* Task item *
The complete listing goes into the output exactly, without its pictures.

* Provided data *
____________
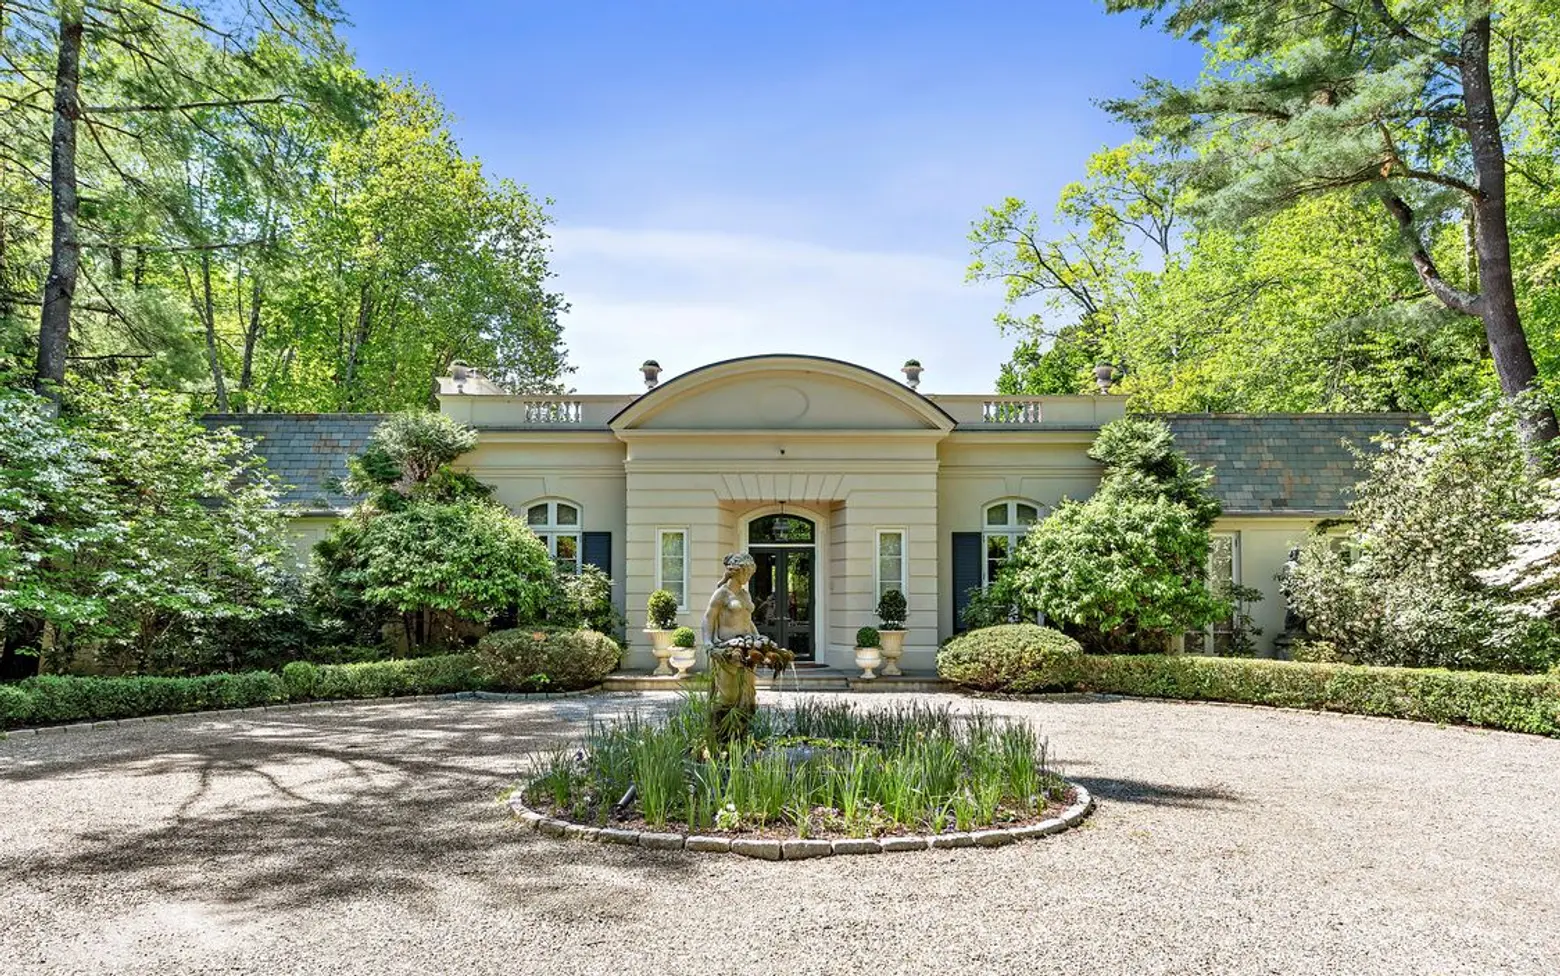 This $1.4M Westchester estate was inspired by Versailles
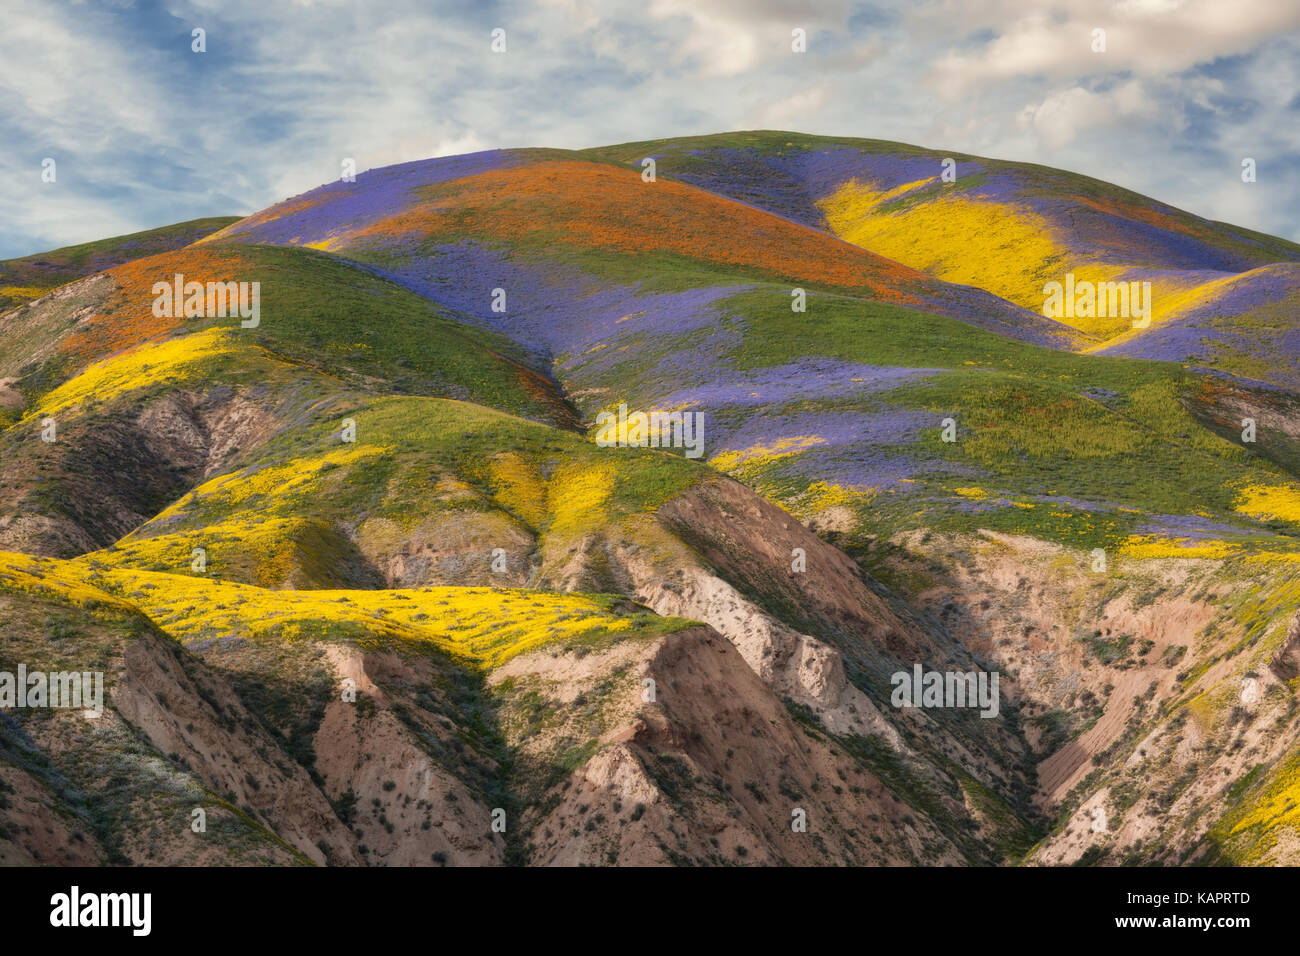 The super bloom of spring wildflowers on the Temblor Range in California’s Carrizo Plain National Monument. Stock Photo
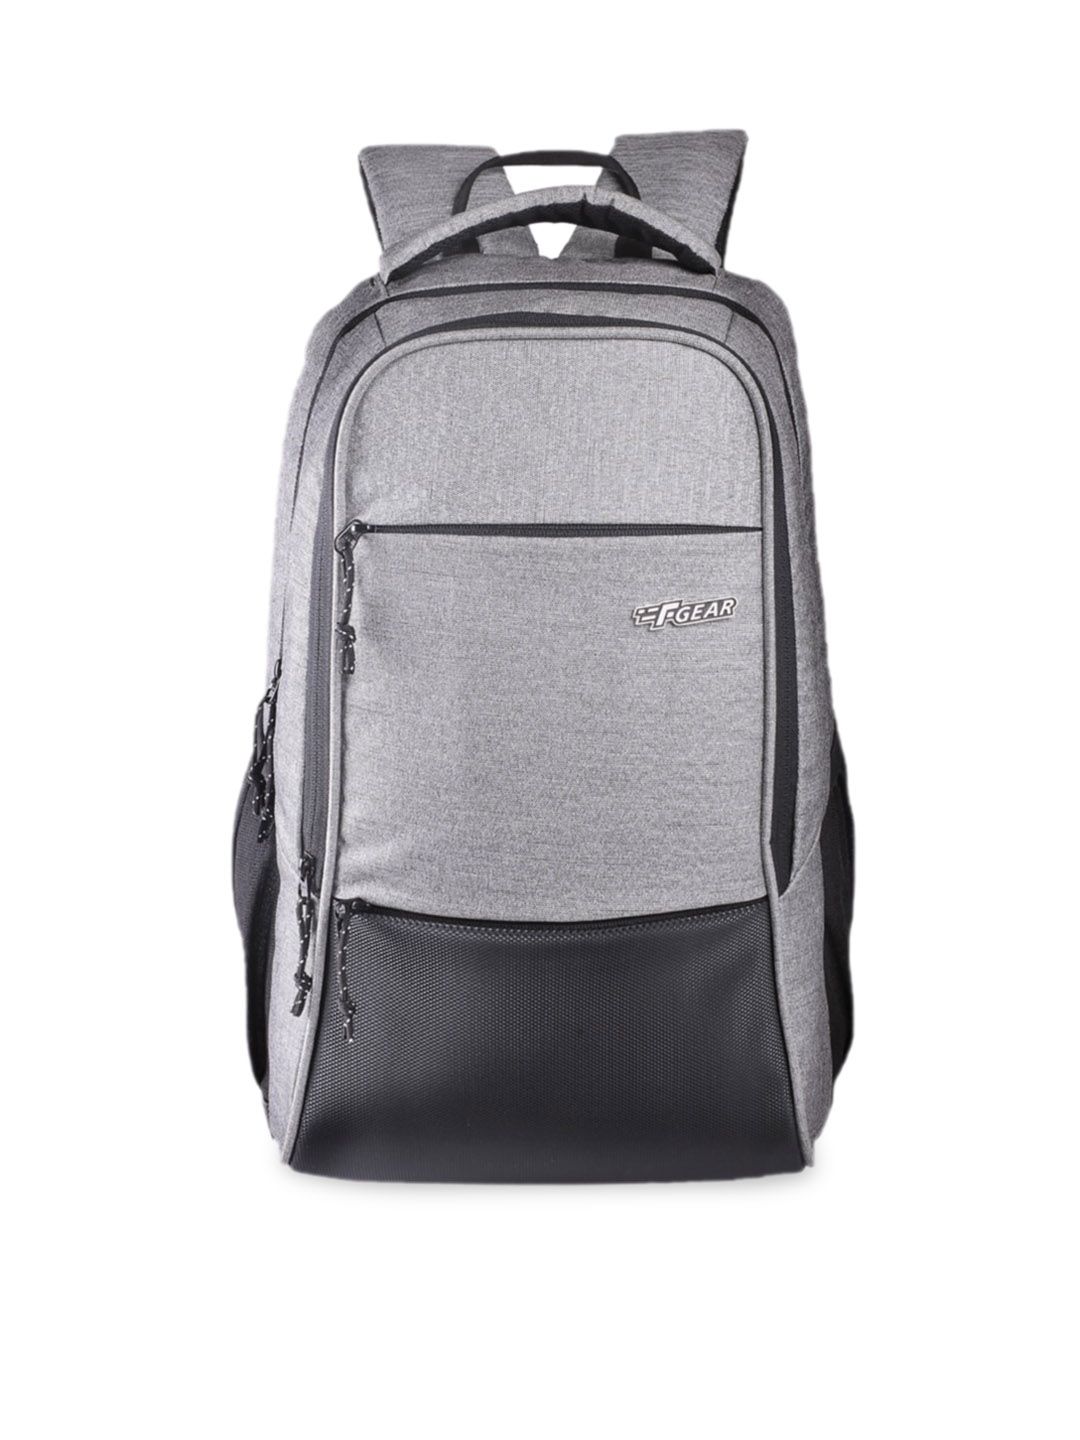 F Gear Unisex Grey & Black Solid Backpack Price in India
____________
* Response area *
 This $1.4M Westchester estate was inspired by Versailles
 The super bloom of spring wildflowers on the Temblor Range in California’s Carrizo Plain National Monument. Stock Photo
 F Gear Unisex Grey & Black Solid Backpack Price in India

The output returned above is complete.